Дверной звонок выдернул Монаха из неверного еще полусна-полуяви. То есть он сразу и не понял, что звонили в дверь, и стал прислушиваться. Звонок больше не повторился, и Монах решил было, что ему приснилось. Но тут заскрежетал ключ в замочной скважине, и Монах проснулся окончательно. Вопрос «кто» не стоял: ни Жорик, ни Анжелика не будут шляться по гостям ночью – часы показывали начало третьего, – и Монах понял, что ночным посетителем был никто иной, как Добродеев, которого распирали эмоции, и невтерпеж было поделиться.
Распахнулась дверь, в прихожей загорелся свет. Добродеев появился на пороге гостиной и спросил:
– Христофорыч, спишь?
– Уже нет, – буркнул Монах, присматриваясь к темному силуэту в неярком световом контуре. – В чем дело, Лео?
Добродеев включил свет, плюхнулся в кресло у дивана, на котором лежал Монах, закинул руки за голову и произнес мечтательно:
– Какая женщина!
– Ты меня разбудил, – обличающе заявил Монах.
– Брось, Христофорыч! Прекрасная летняя ночь, тишина, прекрасная женщина рядом… Жизнь продолжается, я это понял только сейчас! Мы молоды душой, мы стремительны, мы любопытны как дети! А ты говоришь, разбудил. Я понял, что молод, понимаешь? Я понял, что мы погрязли…
– …и перестали лазить в окна, – буркнул Монах. – Знаю. Ну?
– В чем дело, Христофорыч? Что случилось?
– Что случилось? – завопил Монах, пытаясь сесть. – Ты спрашиваешь, что случилось? Разбудил, несешь всякую фигню, у меня сломана эта проклятая нога, и ты спрашиваешь, что случилось? Эта девочка попросила о помощи, а что я могу? Я даже выйти из дома не могу! Баржа на якоре! А ты вламываешься по ночам и распускаешь слюни о прекрасных женщинах. И сладкое тошнотворное пойло! До сих пор комок в горле, продышаться не могу. И овсяная каша! Задолбали! Все, хана! Отдай ключи! Хочу подохнуть.
Монах отвернулся к спинке дивана и закрыл глаза. Добродеев опешил, не сразу пришел в себя и сказал покаянно:
– Извини, Христофорыч, я же не знал… ну чего ты? Я думал, девушки тебя отвлекут, честное слово! Марина, Диана… а то ты чего-то раскис, я же хотел как лучше.
Монах не отвечал.
– Ладно, я пошел, – сказал Добродеев после продолжительной паузы. – Ключи оставлю на тумбочке.
Монах по-прежнему молчал.
– Пиво будешь? – спросил Добродеев с порога.
– Откуда в этом доме пиво? – с горечью отозвался Монах. – В этом доме только одна чертова овсяная каша!
– Я принес, в холодильнике. И копчушку. Будешь?

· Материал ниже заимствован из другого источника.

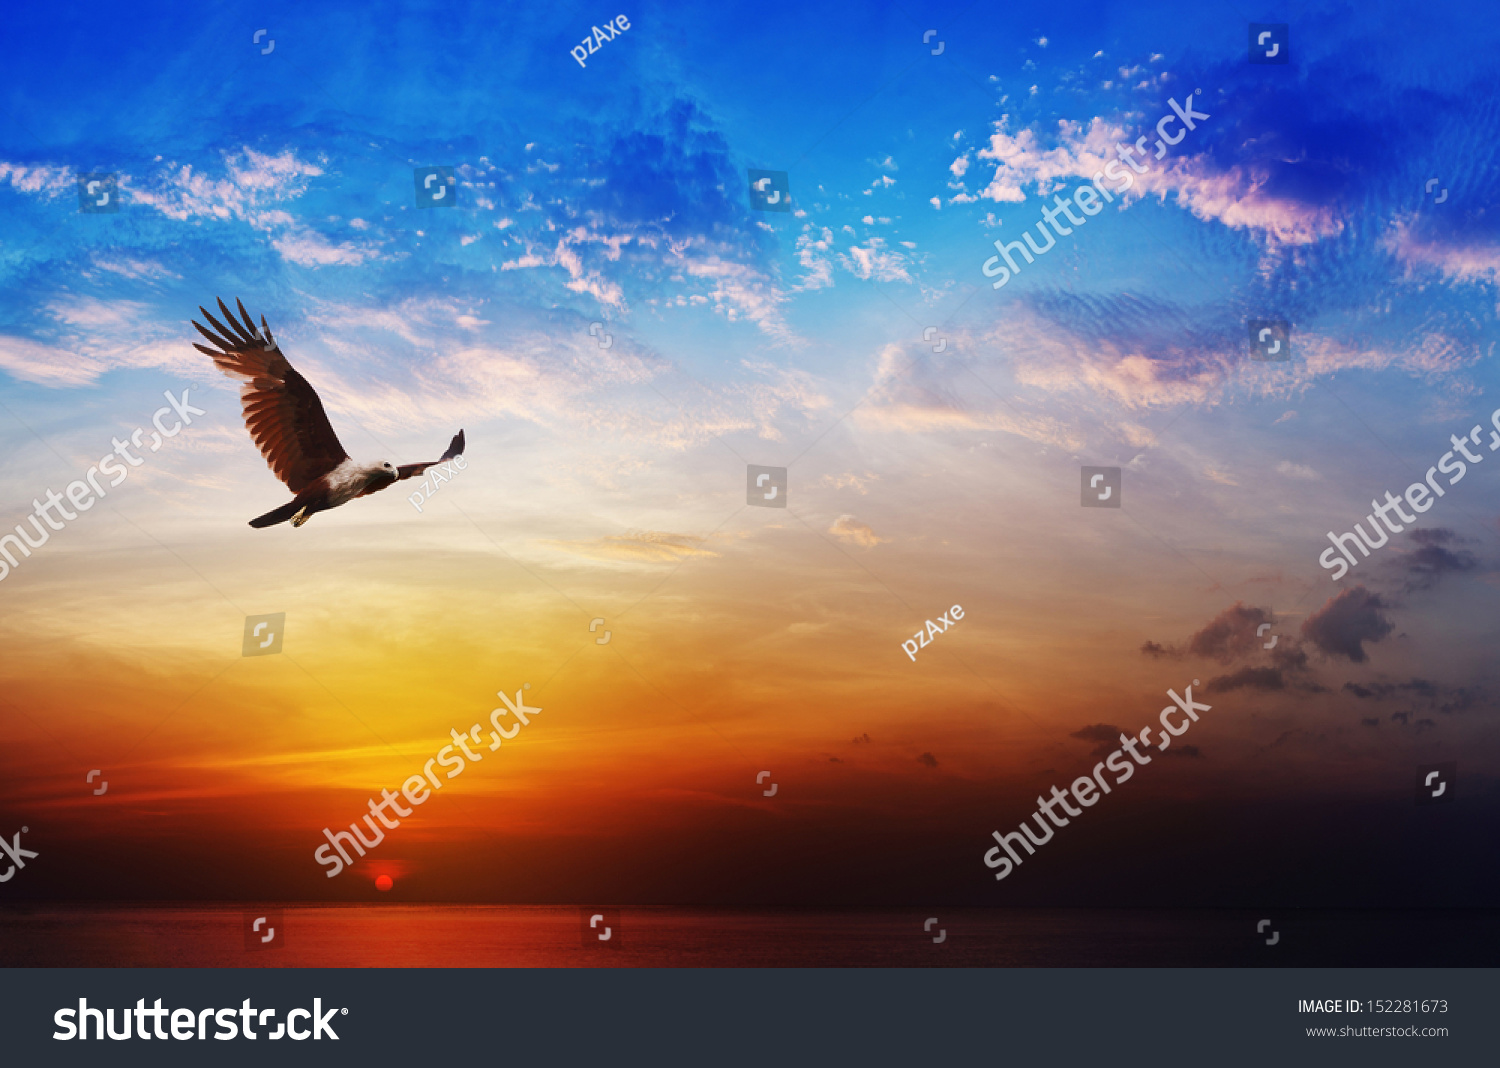 Flying eagle on beautiful sunset sky background - Bird of prey - Brahminy Kite #152281673

– Буду, – отозвался Монах после паузы.
– …Что будем делать с убийством? – спросил Добродеев, отрываясь от кружки пива. Друзья сидели в кухне; через открытое окно вливался бодрящий ночной воздух. Монах чувствовал себя рыбой, которую снова бросили в воду. И холодное пиво!

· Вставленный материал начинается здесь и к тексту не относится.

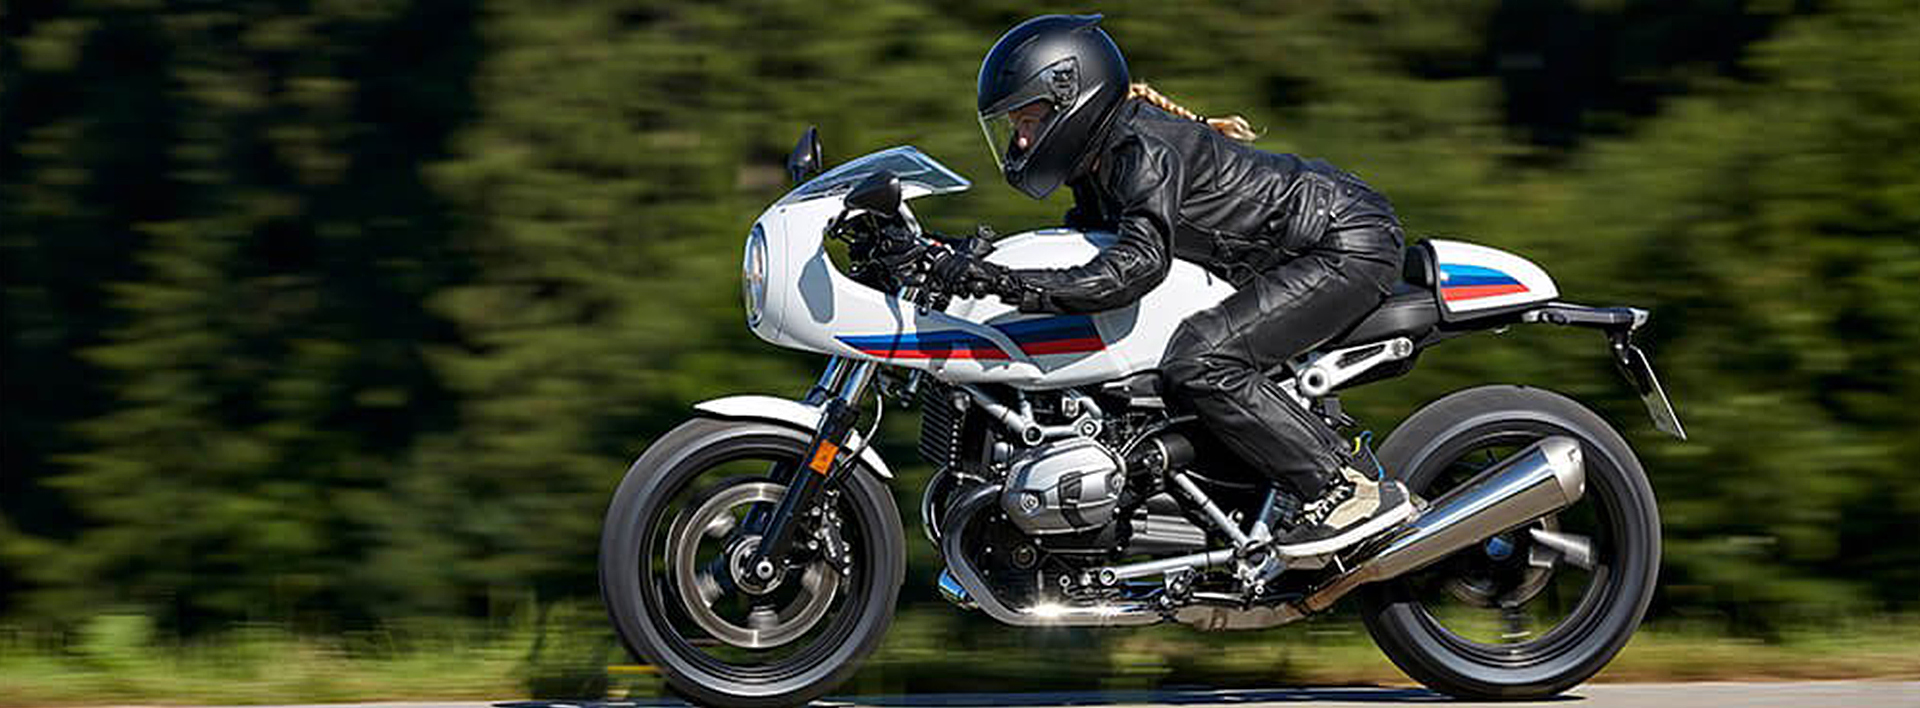 BMW Motorrad Dealer Melbourne | Melbourne BMW Motorcycles | Autosports

– Думаешь, нужно? – спросил Монах, слегка кокетничая.
– Нужно, Христофорыч. Ты будешь мозгом операции, а я твоей ногой. Ты же заинтересовался, кроме того, Диана в тебя верит. Интересная девушка…
– Что сказала Марина?
– Марина… – Добродеев вздохнул. – Замечательная женщина!
– Это я уже слышал. Что она сказала про убийство?
– Кто?
– Марина!
– Почему ты думаешь, что мы говорили об убийстве? Нам было о чем говорить.
– Не свисти! Не было. Иначе ты бы сюда не заявился.
– Разве Диана не рассказала об убийстве?
– Рассказала. А теперь меня интересует, что рассказала Марина. Кстати, занимается убийством наш старый друг майор Мельник.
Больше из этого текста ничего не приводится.